You could call Stoll a professional bearer of so-called secret tricks: he’s a training-facility manager at PPG where he teaches professionals like Sullivan how to properly use the company’s products. “I met [Sullivan] when he attended a custom paint class,” he says. It was PPG’s Basic Lowrider Designs course. “He showed up for class with his pinstriping kit and a Carter airbrushed shirt.”
At the outset of the project, Carter had his best pal Steve Stanford render his ideas on paper. Sullivan and Stoll reverse-engineered the graphics where they could; wherever they couldn’t, they came up with things that Carter probably would’ve done. “Lucky for me, [Carter] and I did some custom paintwork with PPG Envirobase, and we were in the slow process of starting on the T-bird,” Stoll says. “That’s what happens when we get old; you slow down!”
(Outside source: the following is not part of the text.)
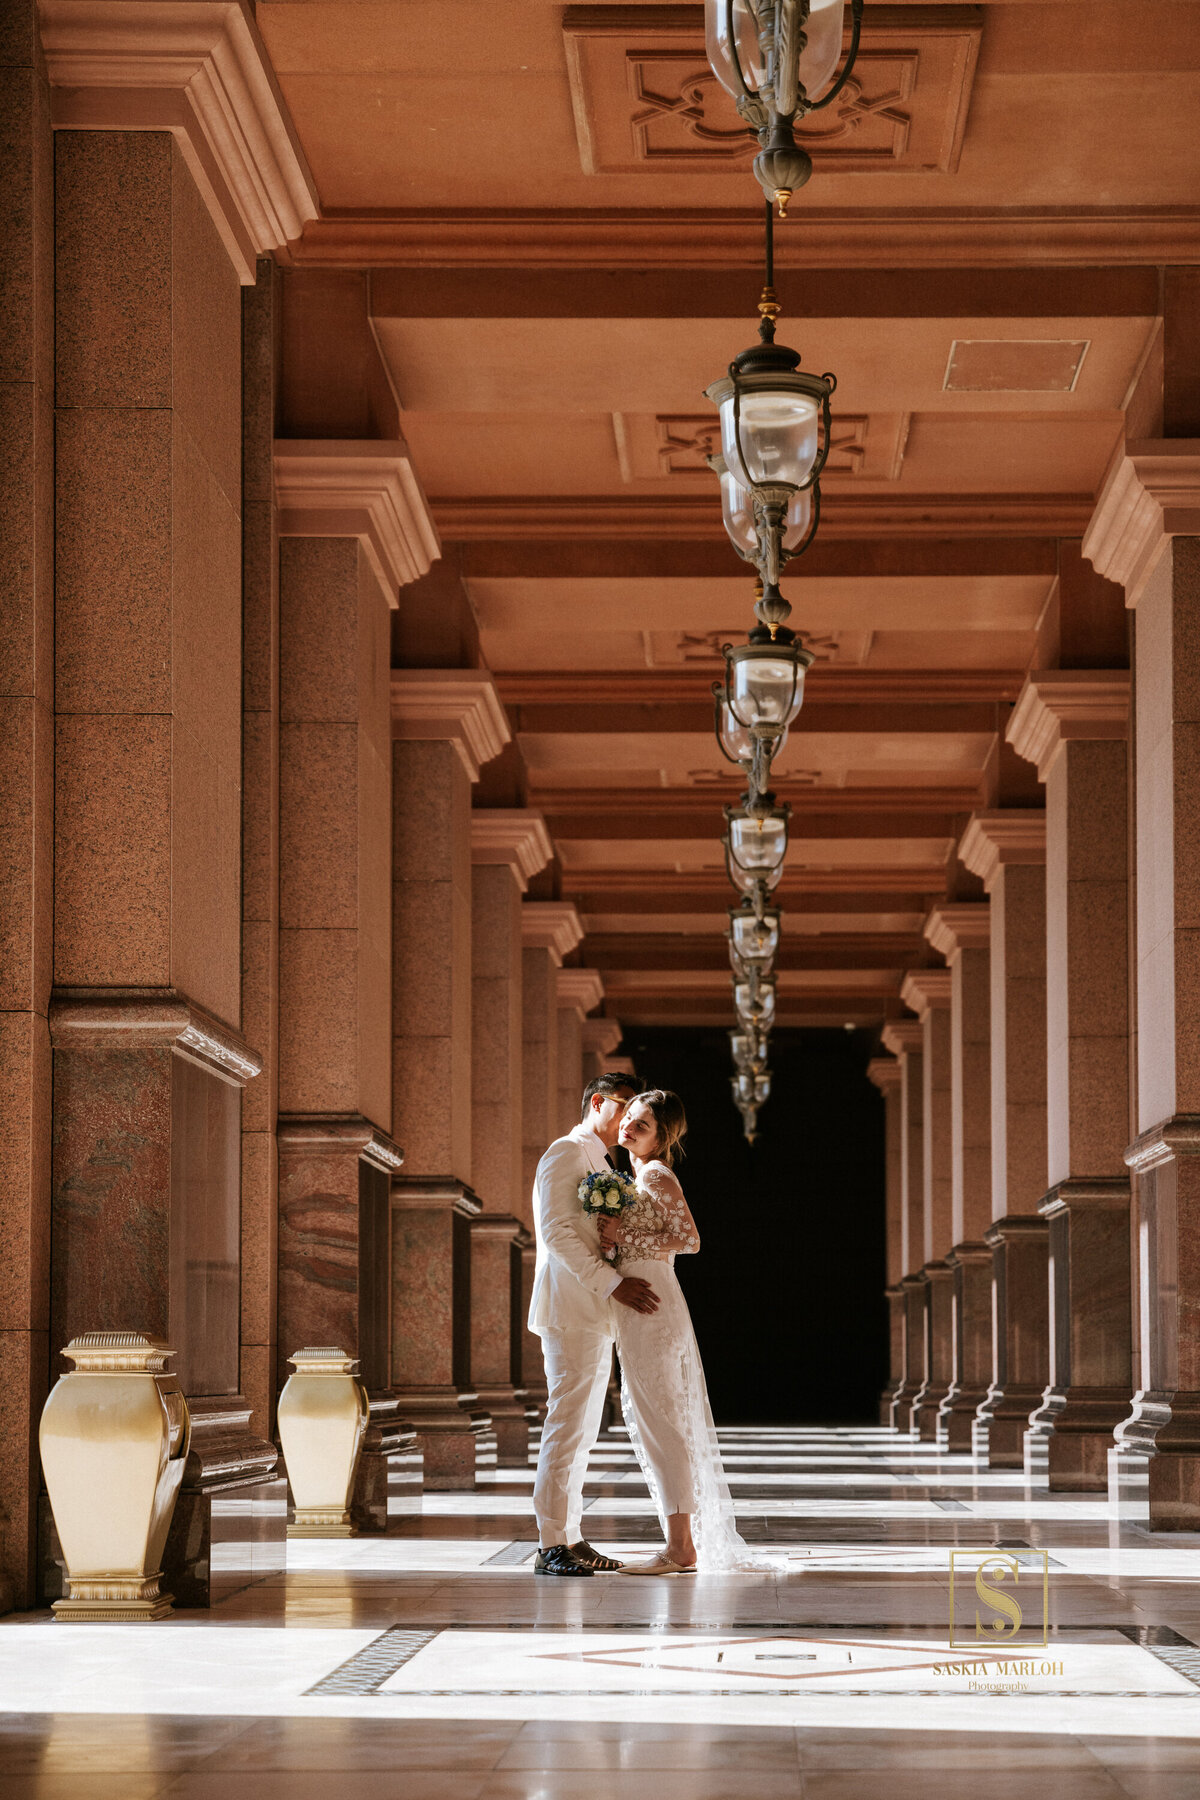 EMIRATES-PALACE-WEDDING-by-female-photographer-Saskia-Marloh-185
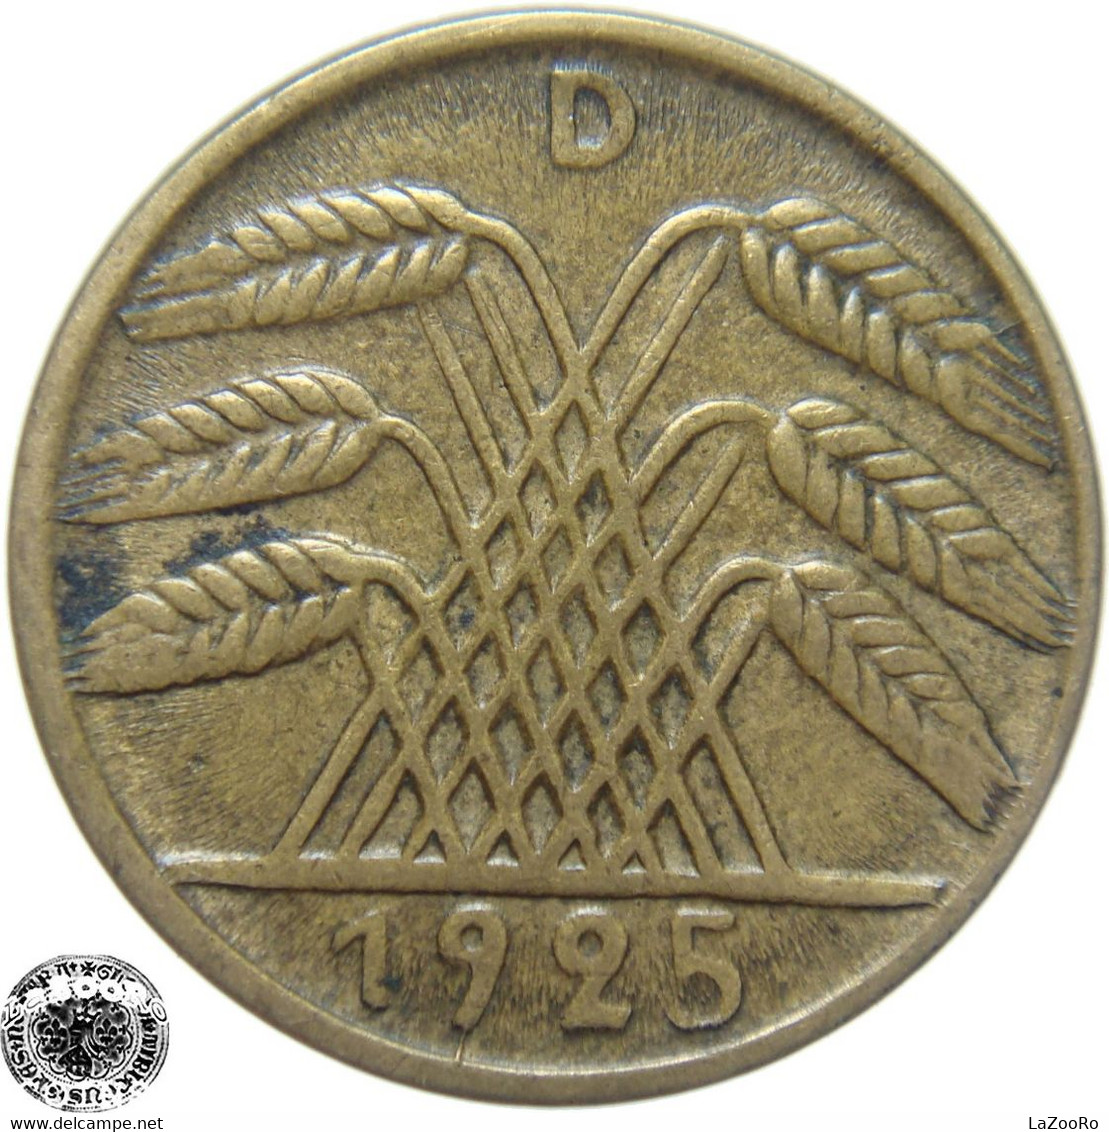 LaZooRo: Germany 5 Pfennig 1925 D XF - 5 Rentenpfennig & 5 Reichspfennig

Masking 102: Perfect-Fit Masking Wheels For Painting in Minutes
Fact: Masking wheels for painting and tires from overspray sucks almost as much as removing overspray from unmasked wheels and tires. And while those cloth wheel masking bags are great when new, they trap dust, and you never seem to have enough to protect all jobs. But Stoll and Sullivan taught us a low-cost, low-effort trick.
The secret is poly-lined masking paper. When wet, it conforms to nearly any shape; once it dries out, it stays in place without even tape to hold it. Just soak a piece of 36-inch paper, wring it out, and wrap the tires. Pitching it when you’re done reduces the risk of blowing this job’s dust all over the next one.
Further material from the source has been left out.